Seriously, just get an e21x0 and push it north of 3GHz and spend the extra bucks on a better video card.

G92 8800GTS > 8800GT > 3870 > 3850

And don't really consider buying anything less than the 3850 (ie anything from previous generations at all, the 3850 beats the 7900GTX and x1950xtx like they're wusses) if you're a serious gamer.

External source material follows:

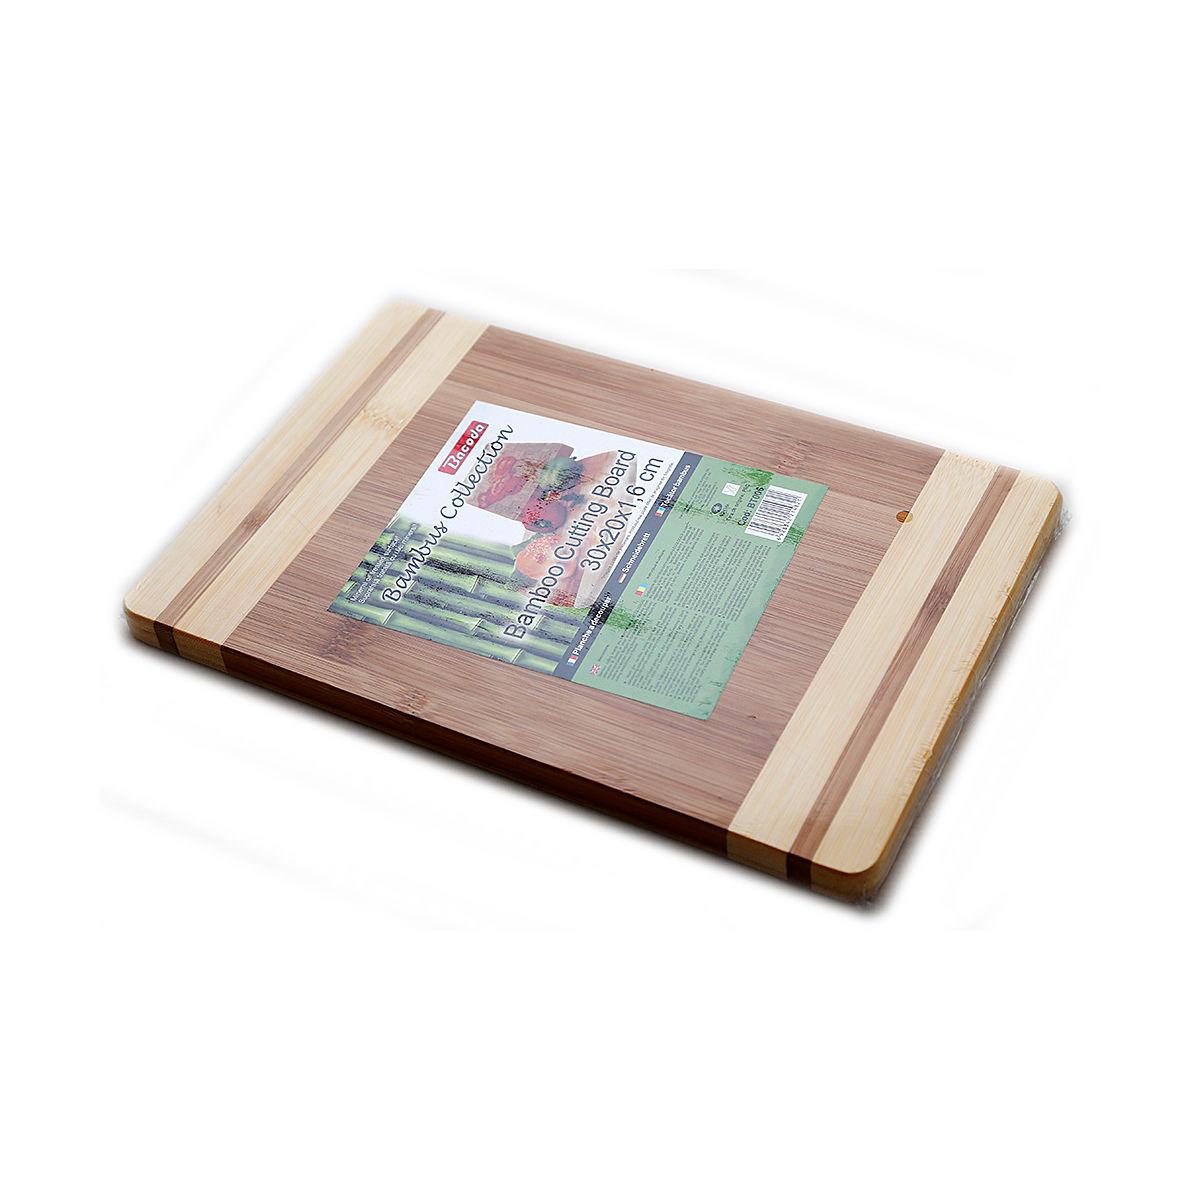 Bacoda Tocator Bambus Bicolor 30*20*1.6 Cm 2021 aranjareamesei.ro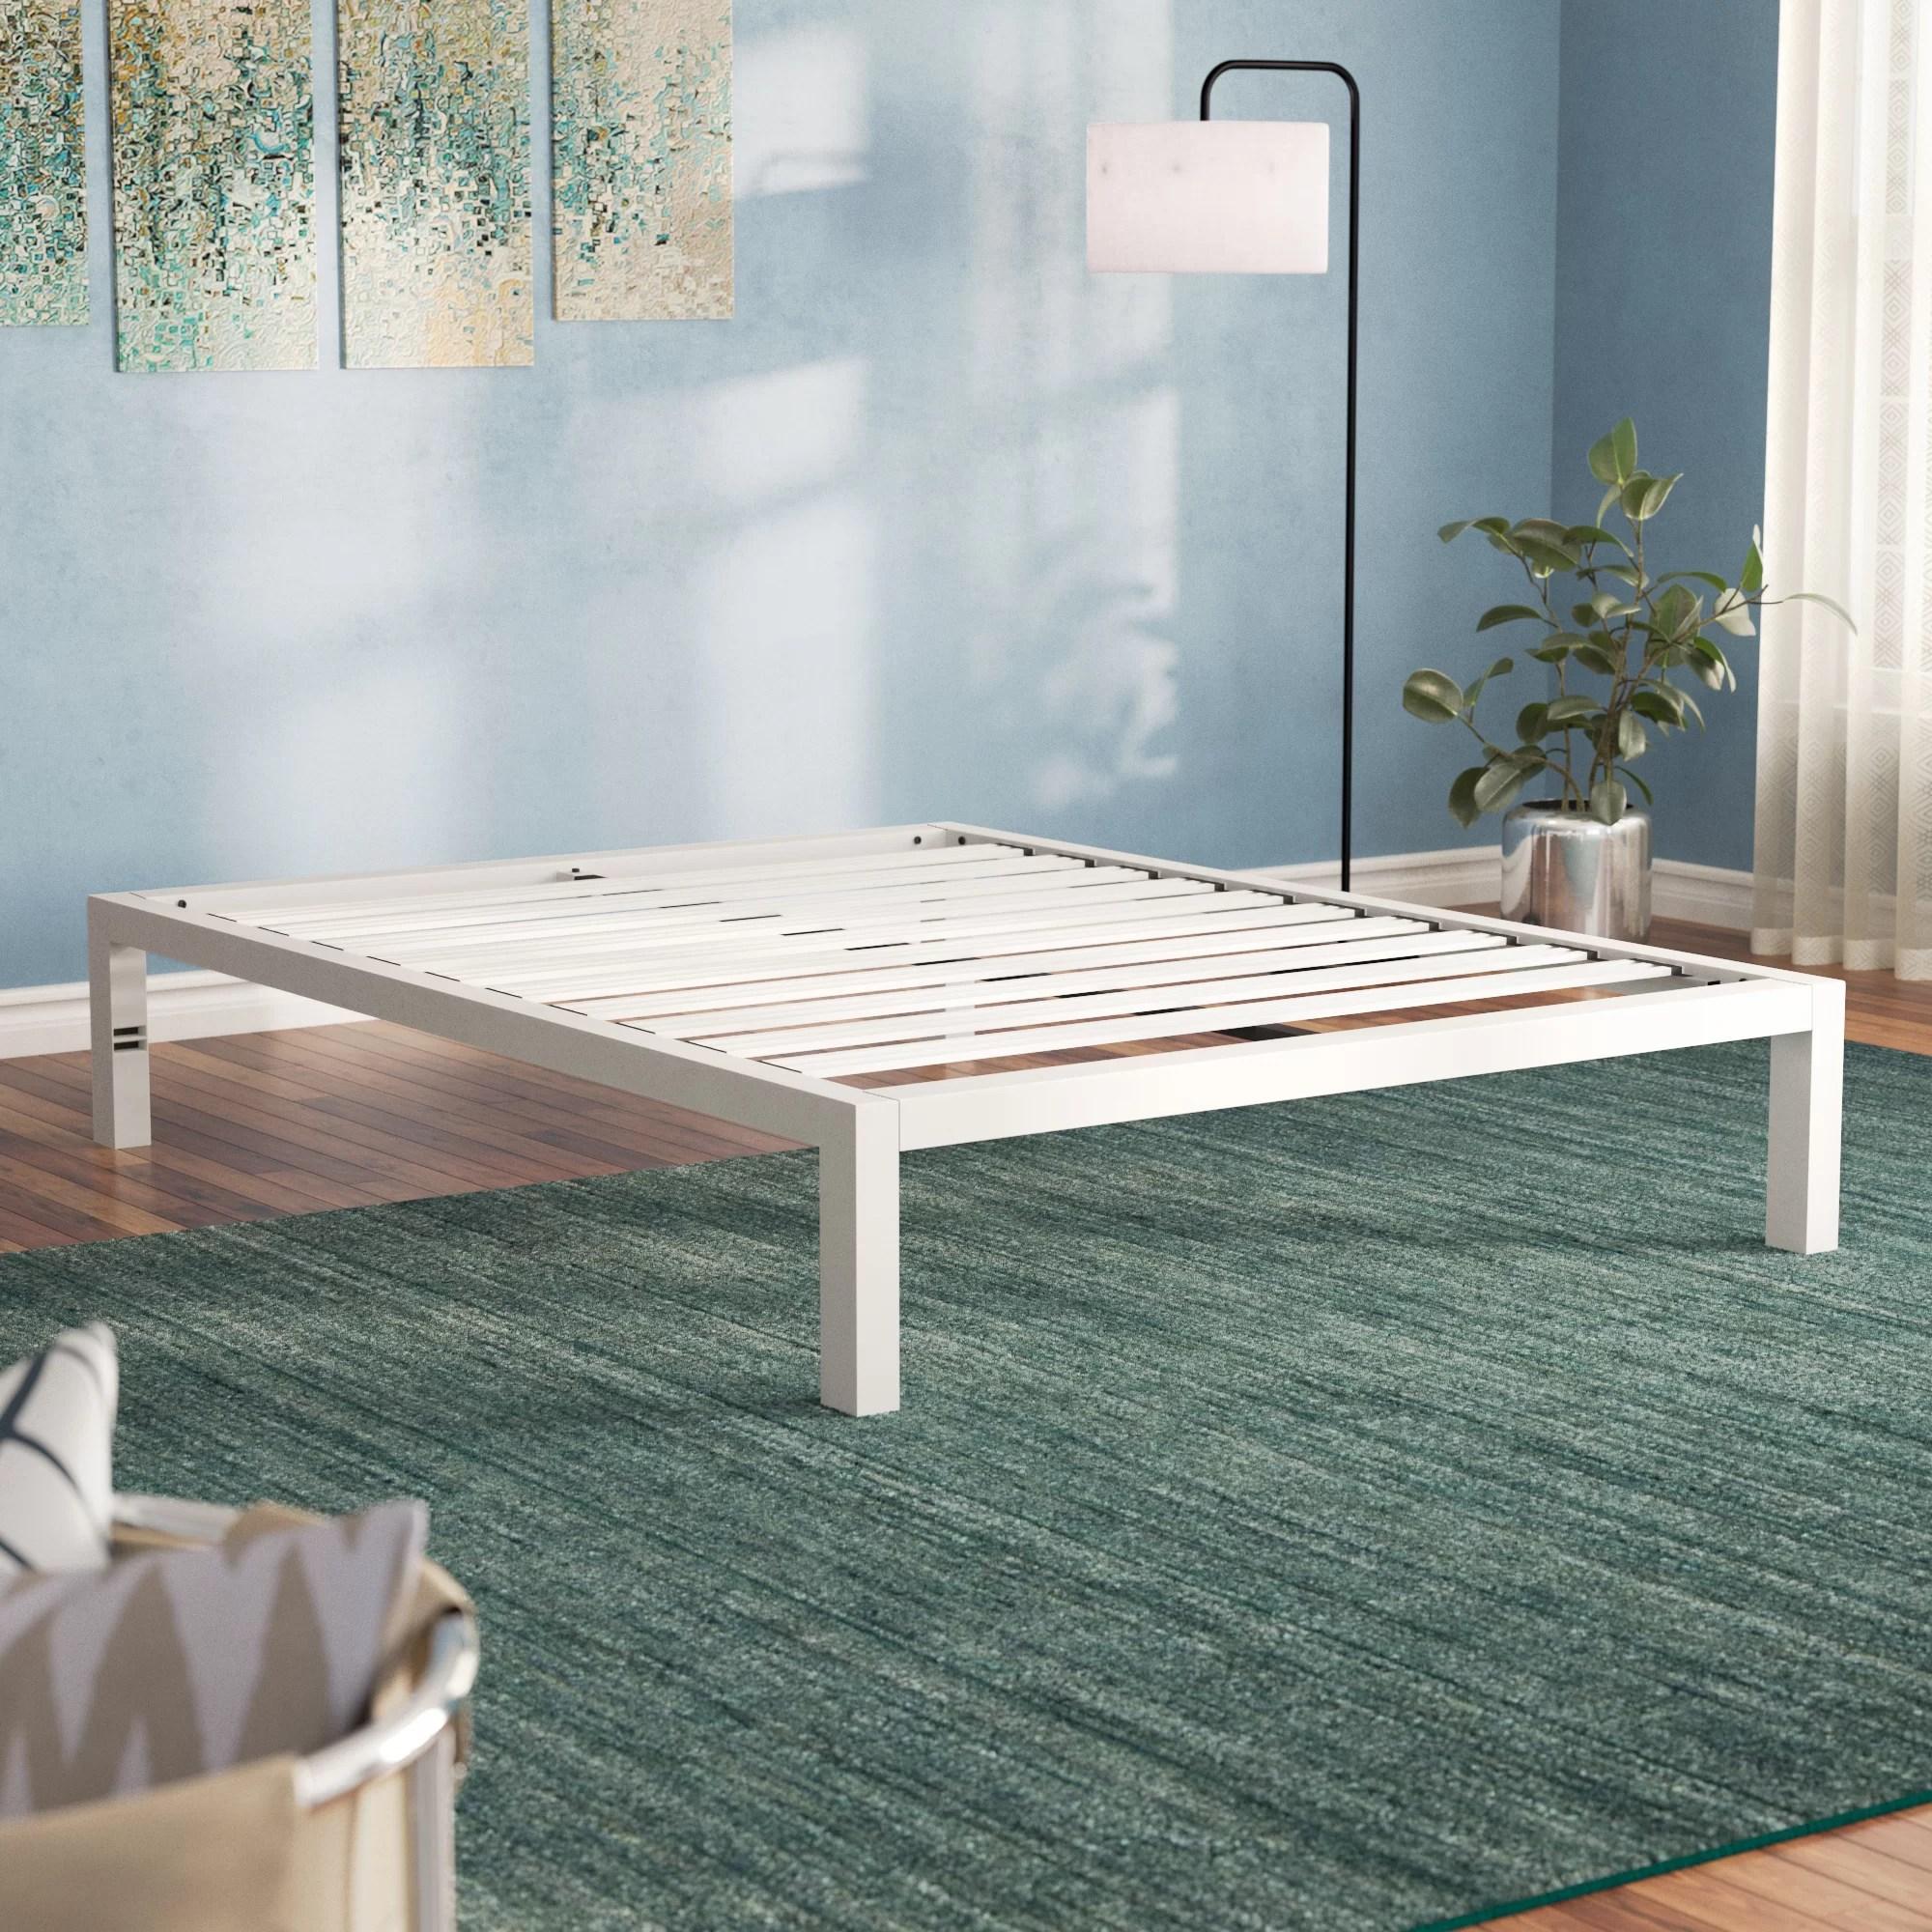 Alwyn Home Hammonds Steel Platform Bed Frame Reviews Wayfair

Here are a couple more benchmarks for you to consider.
e4300 OC Gaming performance
1-2-4MB Cache scaling in UT3

The last one there shows the effect of different cache levels with chips clocked at 1.8GHz. I REALLY wish AT had repeated this with the three chips clocked at 3GHz and at a GPU bound resolution because I think the differences would be much smaller.
 

cab00se

Junior Member
Jan 13, 2005
7
0
0
The last one there shows the effect of different cache levels with chips clocked at 1.8GHz. I REALLY wish AT had repeated this with the three chips clocked at 3GHz and at a GPU bound resolution because I think the differences would be much smaller.
Me too. =/ That's precisely what I'm looking for actually, and it's kind of frustrating that such information doesn't appear to exist. I guess I'll just gamble with the 2180 and hope for the best. It's cheap, and I can always upgrade again down the road when the 45nms start to come down in price.